**Work to complete:**
Check each line of the listing below for the string "this", and give only how many lines hold it.

**Exercise materials:**
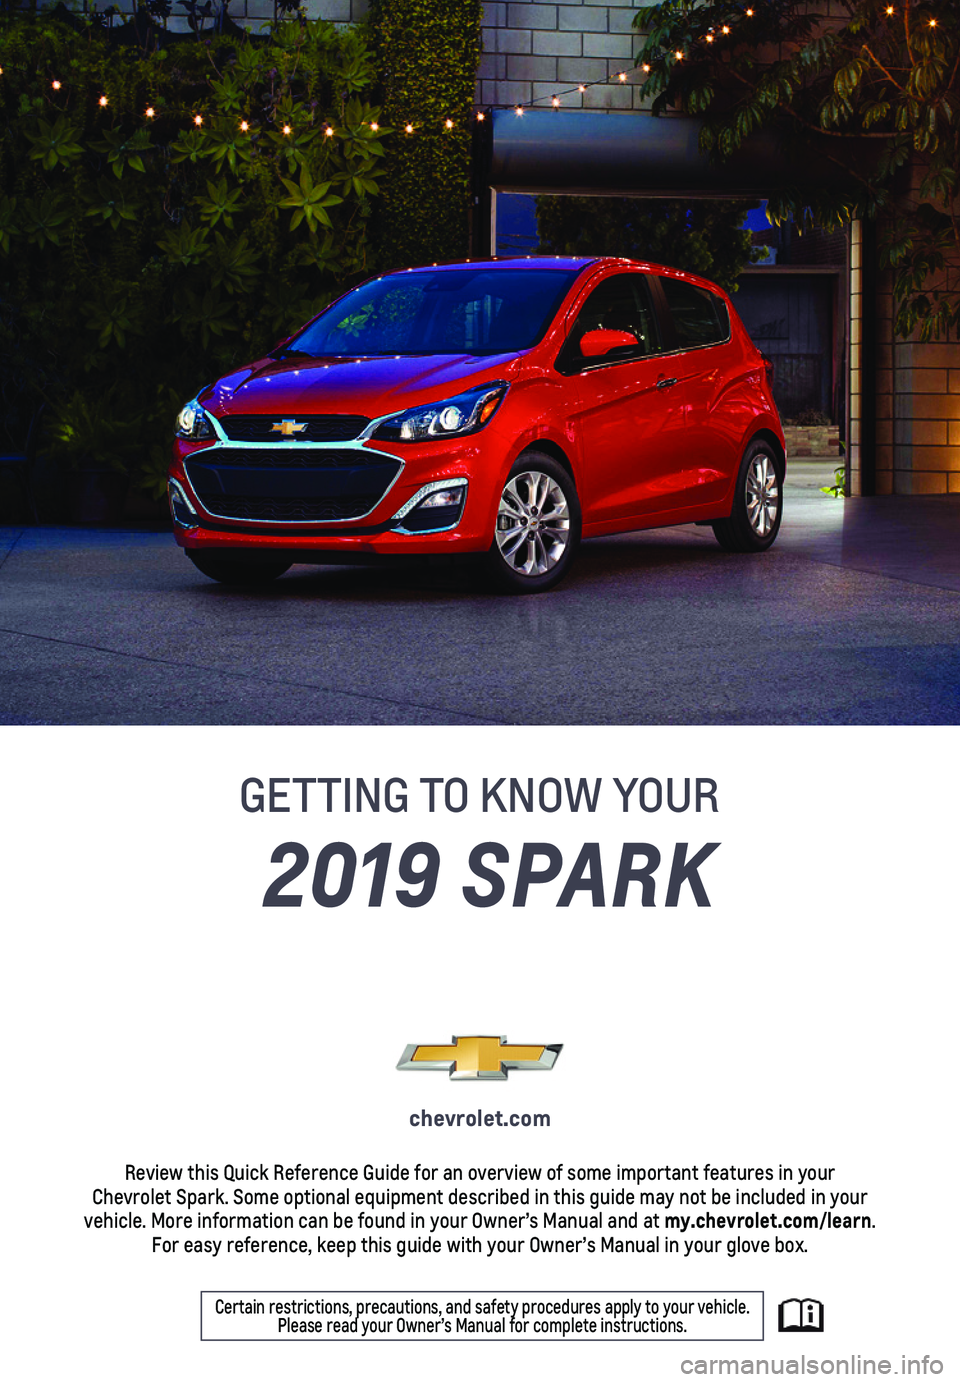 CHEVROLET SPARK 2019  Get To Know Guide 1
2019 SPARK
GETTING TO KNOW YOUR
chevrolet.com
Review this Quick Reference Guide for an overview of some important feat\
ures in your  Chevrolet Spark. Some optional equipment described in this guide

**Solution below:**
2